Senturk, James Clark; Sharma, Ragini; Tavakkoli, Ali; Vernon, Ashley; Spector, David; Robinson, Malcolm; Sheu, Eric; Shikora, Scott.
Afiliação
  • Senturk JC; Department of Surgery, Brigham and Women's Hospital, Boston, Massachusetts. Electronic address: james.senturk@umassmemorial.org.
  • Sharma R; Department of Surgery, Brigham and Women's Hospital, Boston, Massachusetts.
  • Tavakkoli A; Department of Surgery, Brigham and Women's Hospital, Boston, Massachusetts.
  • Vernon A; Department of Surgery, Brigham and Women's Hospital, Boston, Massachusetts.
  • Spector D; Department of Surgery, Brigham and Women's Hospital, Boston, Massachusetts.
  • Robinson M; Department of Surgery, Brigham and Women's Hospital, Boston, Massachusetts.
  • Sheu E; Department of Surgery, Brigham and Women's Hospital, Boston, Massachusetts.
  • Shikora S; Department of Surgery, Brigham and Women's Hospital, Boston, Massachusetts.
Surg Obes Relat Dis ; 18(1): 95-101, 2022 Jan.
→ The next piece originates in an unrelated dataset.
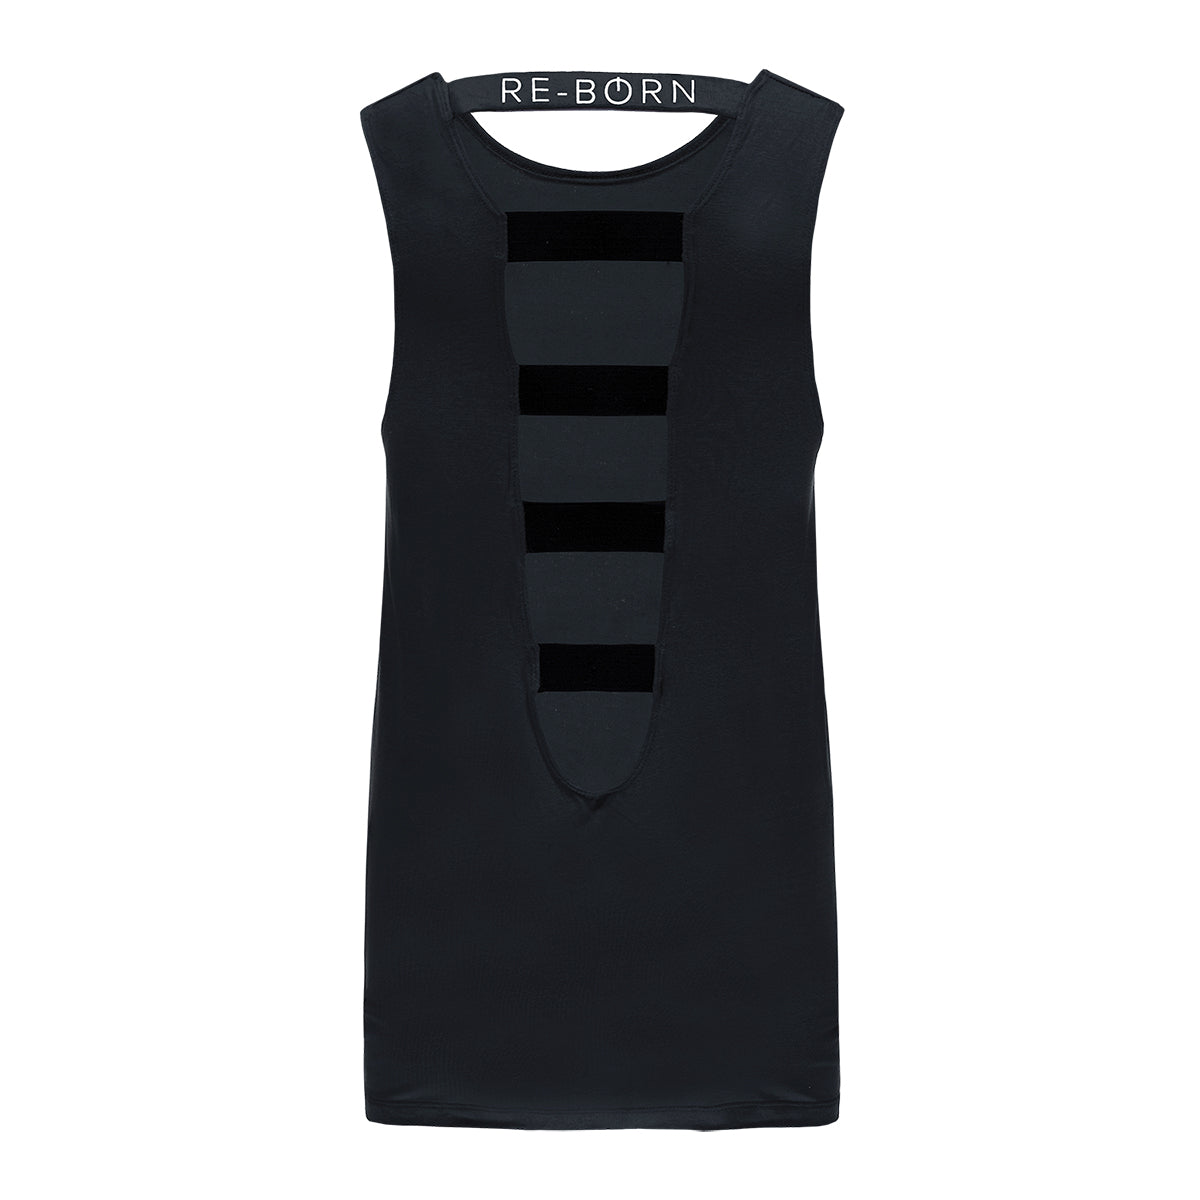 Bebe grey sleeveless tank top racer sports black logo classic authentic M,  Women's Fashion, Tops, Sleeveless on Carousell

Article em En | MEDLINE | ID: mdl-34666948
BACKGROUND: Patients are increasingly referred for conversion of laparoscopic adjustable gastric band (LAGB) to laparoscopic Roux-en-Y gastric bypass (LRYGB) or sleeve gastrectomy (SG). The safety of a 1- versus 2-stage approach to this revision is debated. OBJECTIVES: We examined the safety and efficacy of 1-stage conversion of LAGB to SG at our institution. SETTING: University hospital. METHODS: An institutional database was used to retrospectively identify patients who underwent single-stage LAGB-to-SG conversion between 2010 and 2018. Patients were matched 1:1 for age, sex, and body mass index with primary SG patients during this same period. Primary endpoints were operative time, complication rate, length of hospital say, and weight loss 12 months from surgery. RESULTS: Two-hundred and twenty-nine patients undergoing conversion of LAGB to SG were identified. Median postoperative length of hospital stay was 2 days. Two patients (.8%) developed surgical site infection. One patient (.4%) developed a postoperative myocardial infarction. There were 4 total readmissions (1.7%) and 1 reoperation within 30 days (.4%). There were no statistically significant differences in 30-day complication rates between groups. Weight loss at 12 months was significantly different: Median body mass index loss for conversion patients was 5.1 kg/m2 compared with 8.85 kg/m2 for patients in the primary SG group (P < .0001). CONCLUSION: Single-stage conversion of LAGB to SG is safe and effective. Patients may not experience the same extent of weight loss as those with primary SG. Our findings represent the largest single-institutional experience to date and support a 1-stage approach whenever feasible.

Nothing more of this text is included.